Маргарет улыбалась, будто бы слушала рассказ ребенка, боящегося мифического чудовища в шкафу.

— Хорошо, а чего боитесь вы? — слегка обидевшись и покраснев, спросил я.

Она снова отвернулась, облокачиваясь локтями на железные перила моста, и, переводя взгляд с томившейся на небе луны на манящие темнотою воды, задумчиво посмотрела куда-то вдаль. Какое-то время она размышляла, словно сомневаясь, и попросила меня вернуться в машину. На том самом месте, на котором давеча сидели вы, месье Шварц, Маргарет рассказала мне кое-что, о чем я никогда никому не рассказывал. Это было ее единственное откровение, которое, скорее всего, принесло бы целое состояние тому, кто осмелился бы о нем заявить.

В 60-е годы отец Маргарет работал шерифом местной полиции. Городок их был небольшой, несколько домов и пара улиц, как говорится. В городе все уважали и ценили ее отца. У него были блестящая репутация и неоспоримый авторитет, отличный послужной список, грамоты и даже имелась медаль за отвагу. На работе и для всех вокруг он был примером для подражания, этаким «крестным отцом», к которому всегда можно обратиться за помощью. Всем, кроме его дочери. Дело в том, что в семье он был жесток и непоколебим. Знаете, месье Шварц, так часто бывает: человек на людях приветлив и добр, возможно, даже слишком, чтобы не вызывать подозрений, ибо, приходя домой, он превращается в сущего дьявола, тирана и домашнего деспота. Таких примеров история знает тысячи, и отец Маргарет подходил под их описание как нельзя лучше.

Дело в том, что шериф всю жизнь грезил о сыне, чтобы воспитать его в лучших мужских традициях, и сильно огорчился, когда родилась дочь. Казалось бы, что здесь особенного? Можно попытаться еще раз. Но шли годы, а его жена, кстати, дочка покойного Лукаса Агостини, того самого сицилийца, все не беременела. Отчаявшийся отец Маргарет, чьи мечты были разрушены, возненавидел свою дочь до такой степени, что перестал замечать ее существование. А в те неподходящие моменты, когда маленькая Маргарет путалась под его ногами, упрашивая поиграть с ней, он бессовестным образом отталкивал ребенка и пытался сделать все, чтобы она больше не попадалась ему на глаза.

Когда матери Маргарет не было дома и заботы о девочке перекладывались на него, он хватал кричащего ребенка за руки и силой затаскивал в темный чулан, где приковывал ее наручниками к батарее и закрывал на ключ. Ей тогда едва исполнилось шесть.

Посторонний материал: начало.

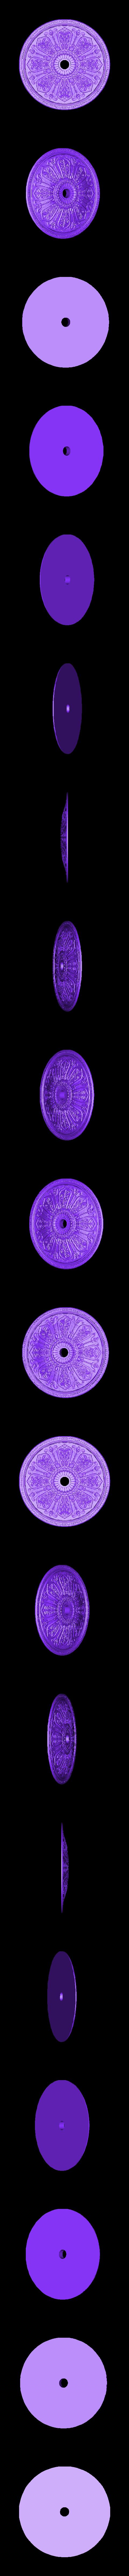 38.obj Télécharger fichier OBJ gratuit Moulures vintage pour vieux appartements classiques cnc art machine à router 3D printed • Modèle à imprimer en 3D, 3DPrinterFiles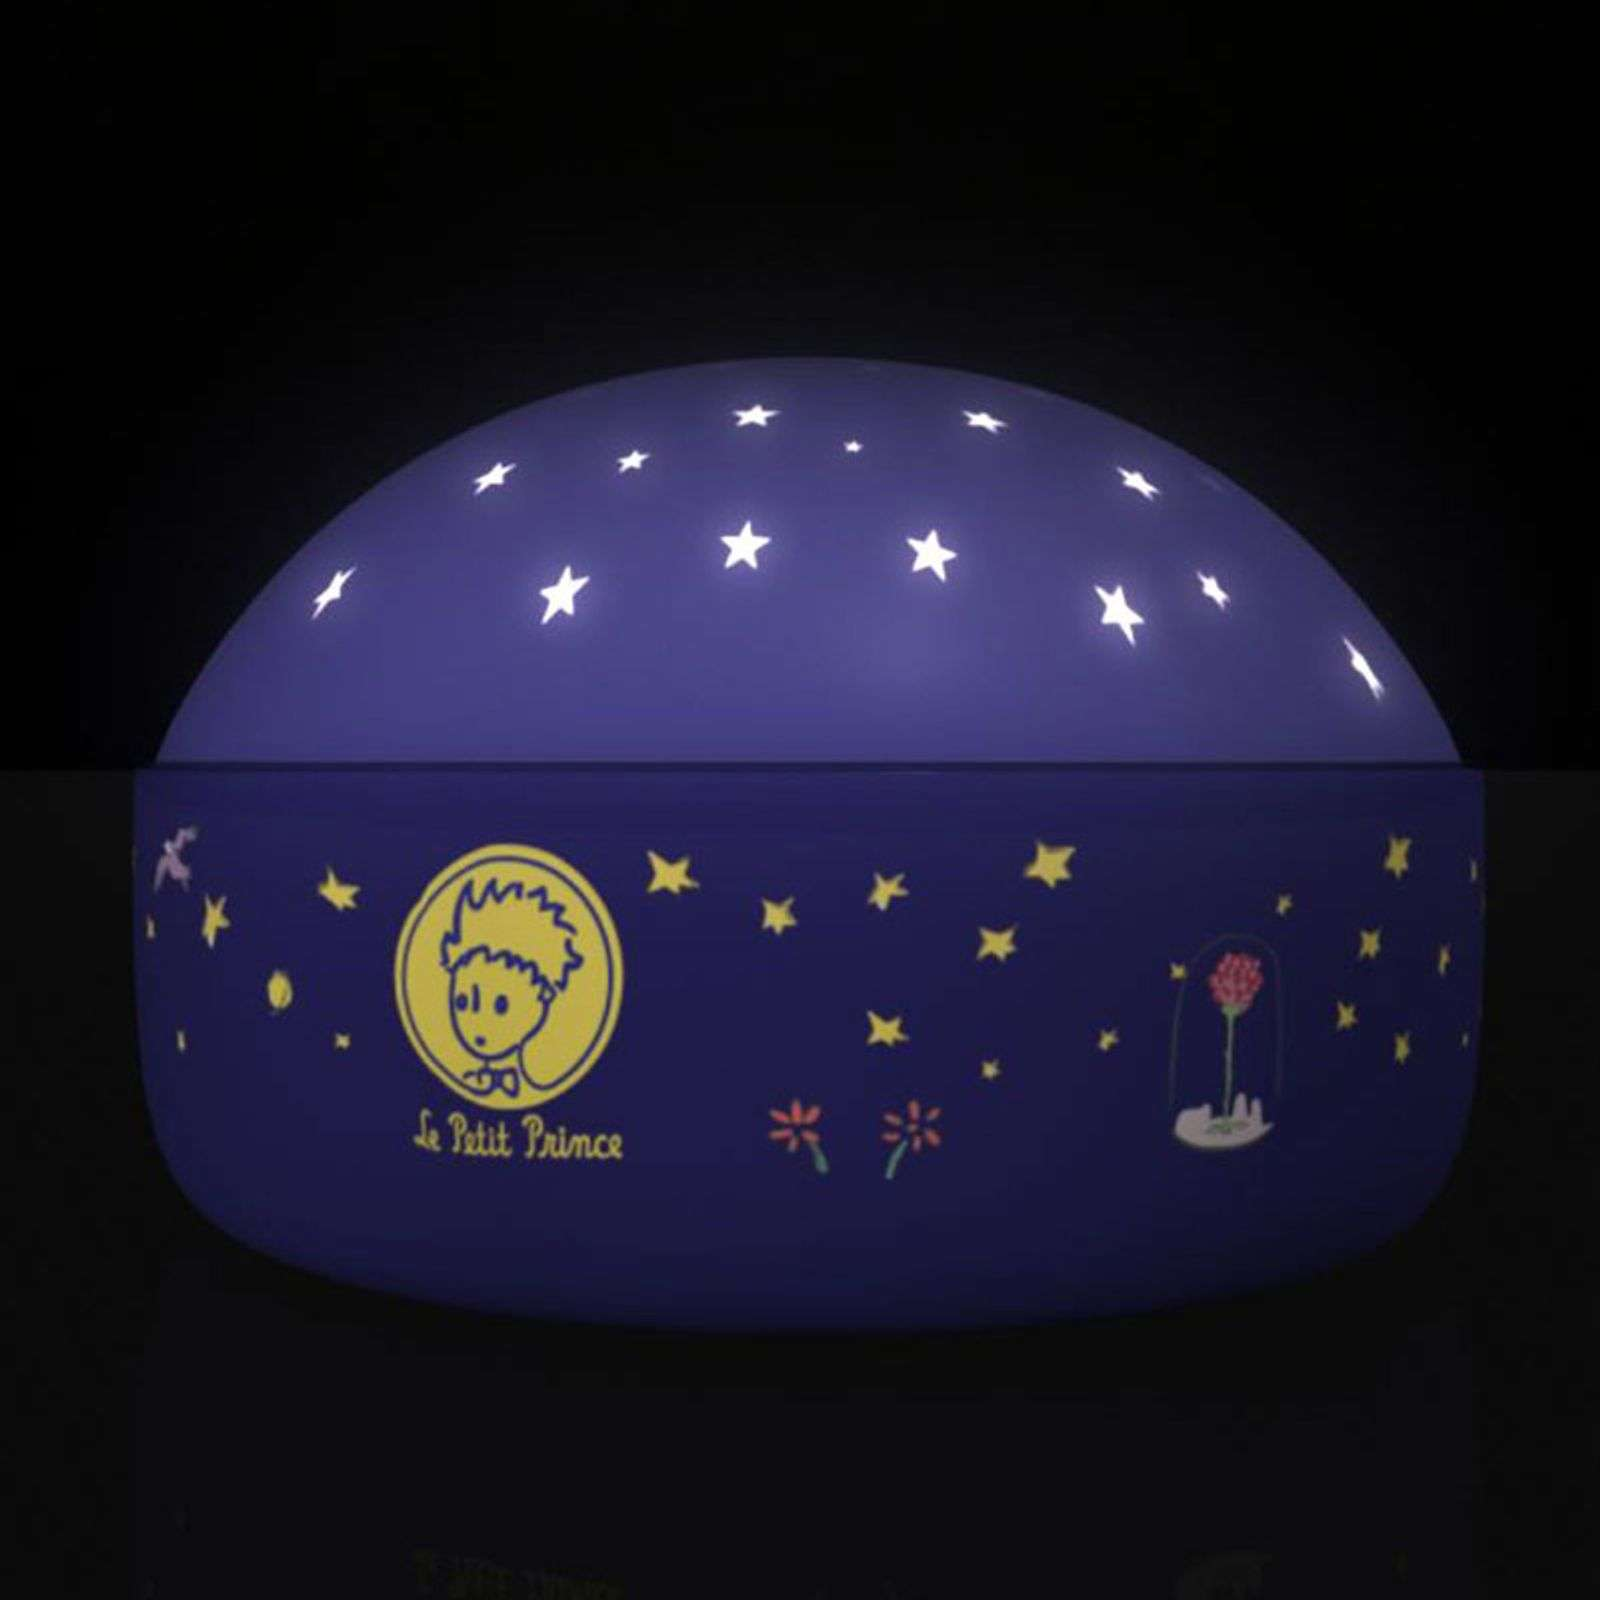 Full Size of Nachtlicht Der Kleine Prinz Nachtlampe Led Bunt Sternenhimmel Regale Kinderzimmer Sofa Regal Weiß Kinderzimmer Sternenhimmel Kinderzimmer

К счастью для Маргарет, это продолжалось недолго. Через какое-то время при выполнении задания он схватил шальную пулю и, истекающий кровью, был доставлен в местную больницу, где и скончался в реанимации прямо на операционном столе, едва его тело успели переложить с носилок.

Мучения девочки были закончены, а мать, которую покойный периодически избивал до потери сознания в приступах гнева, вздохнув с облегчением, перекрестилась, тут же попросив за это прощения у Господа.

— С тех пор я боялась темных углов и комнат. Пока однажды, уже когда приехала в ваш город, не переборола свой страх и не спустилась… то есть я хотела сказать, не вошла в одну из них… — Она запнулась и слегка закашлявшись и отводя взгляд, продолжила: — Я хочу сказать, Пьер, что в жизни каждому из нас есть чего бояться и есть что терять. Нельзя, чтобы страхи останавливали нас. Сядьте в самолет! Прыгните с парашютом! Заберитесь на самое высокое здание в городе и посмотрите вниз! Откройтесь страху! Поверьте, эмоции, перебарывающие его, вознесут вас на самое небо! — Интонация ее судорожно возрастала, приподнимая за собою плечи и руки; все тело женщины как-то затрепетало, и глаза налились черным торжествующим блеском, скрыв за собою медовые заливы, растворившиеся при свете луны.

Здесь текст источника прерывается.